西洋=二元論、東洋=一元論、らしい。
般若心経の現代語訳です。
著者の柳澤桂子は、お茶ノ水女子大、コロンビア大卒の生命科学者。
慶応大、三菱化成生命科学研に所属し、「これから」というときに不治の病に冒され、研究人生を断念せざるを得なくなり、その後歌人や創作活動を始めた、そんな人。
40万部近く売れた本書は、そんな彼女の息吹みたいなものが伝わってくる一冊、なのでしょうが、僕が印象に残ったのは、冒頭の説明。
西洋的な人生論や生き方指南書は自分と世界を二元的に捉えていますが、現実には自分は世界に埋没していて、周りとの関係性の中で生きていかざるを得ない存在。
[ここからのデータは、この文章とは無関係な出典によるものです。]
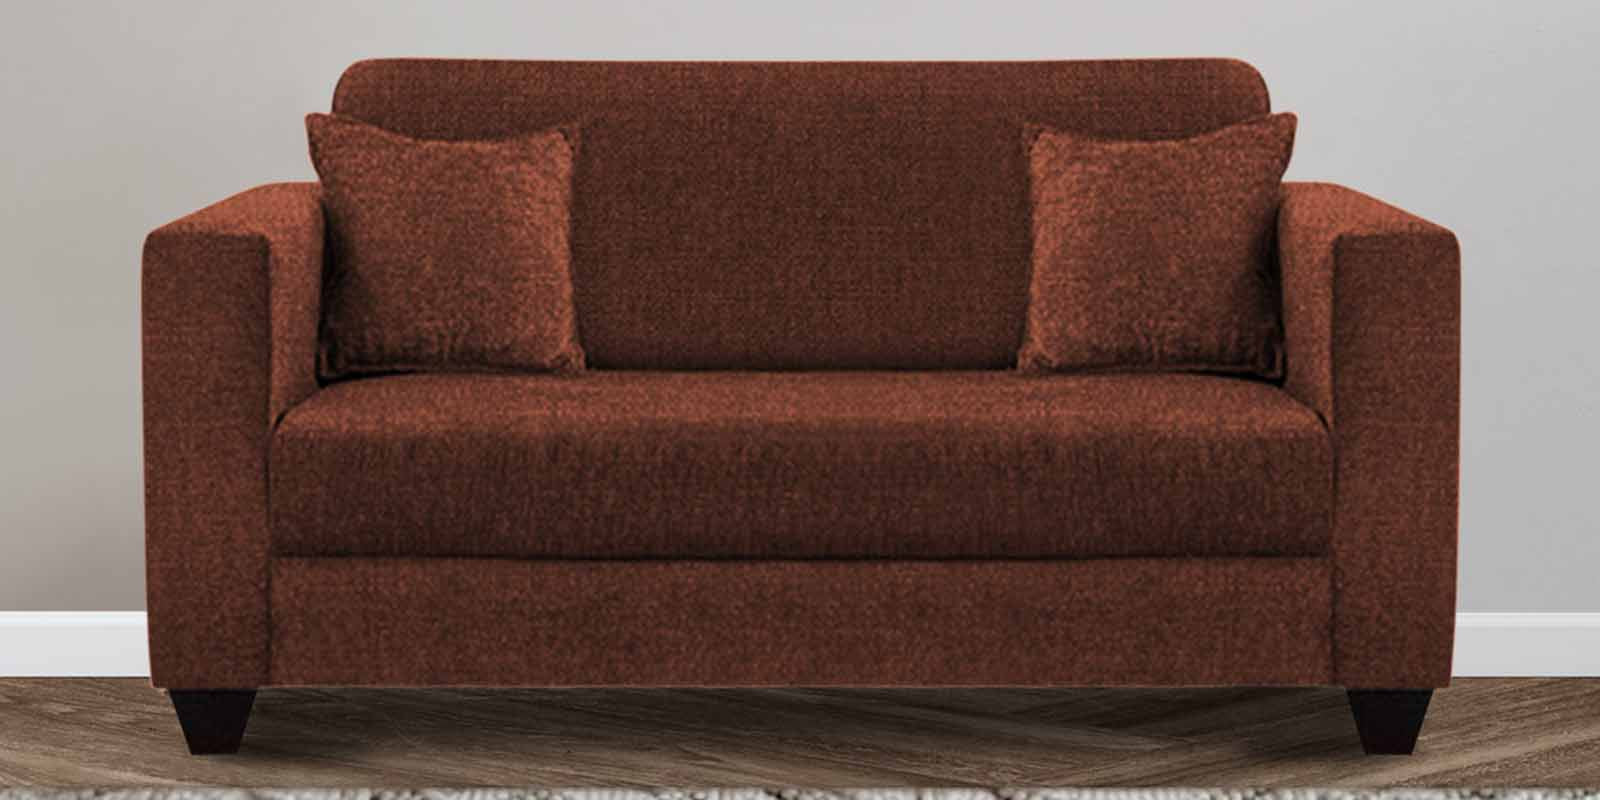 Nebula Fabric 2 Seater Sofa in Coffee Brown Colour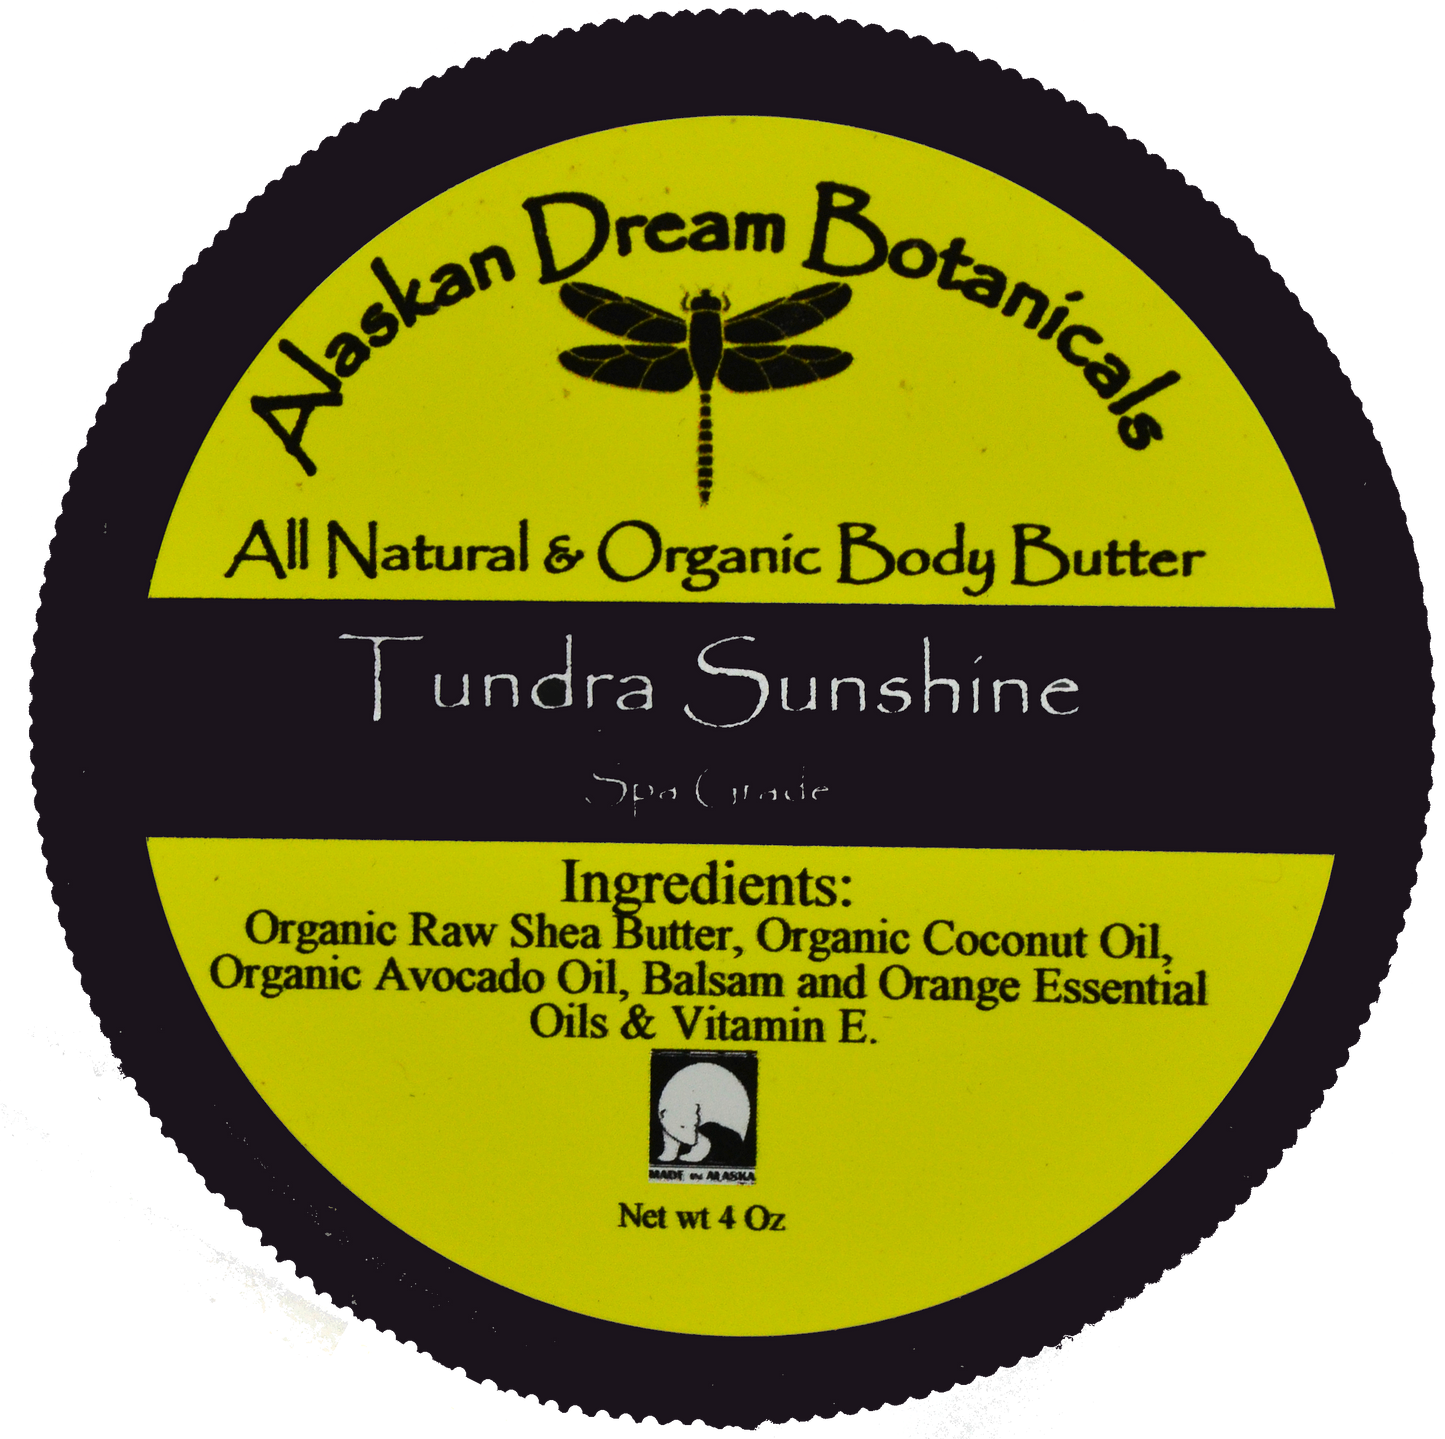 Tundra Sunshine Spa Grade Body Butter - Alaskan Dream Botanicals

東洋的な思想はすべてを一元的に考え、宇宙の根本原理から自分自身の生き方を同じ原理で語るので現実社会に近く、ゆえにわれわれにとっては役に立つ、のだそう。
これはビジネス書の世界でもまったくそうで、いわゆる外資系のハウツー本なんかは、二元的なんです。目的を定め、目標を設定し、優先順位をつけて、それに向かってコスト最小で向かう。他者との関係性からは独立で、単線的に物事を考える感じ。でも、僕らはキカイじゃないんだから、現実はそんなに簡単にいかない。だって、自分が動くと世界は微妙に「ずれて」いくんですから。
なんとなく思っていたことをズバリと当ててくれた一冊。
生き方もそうですけど、この人は立派ですねぇ。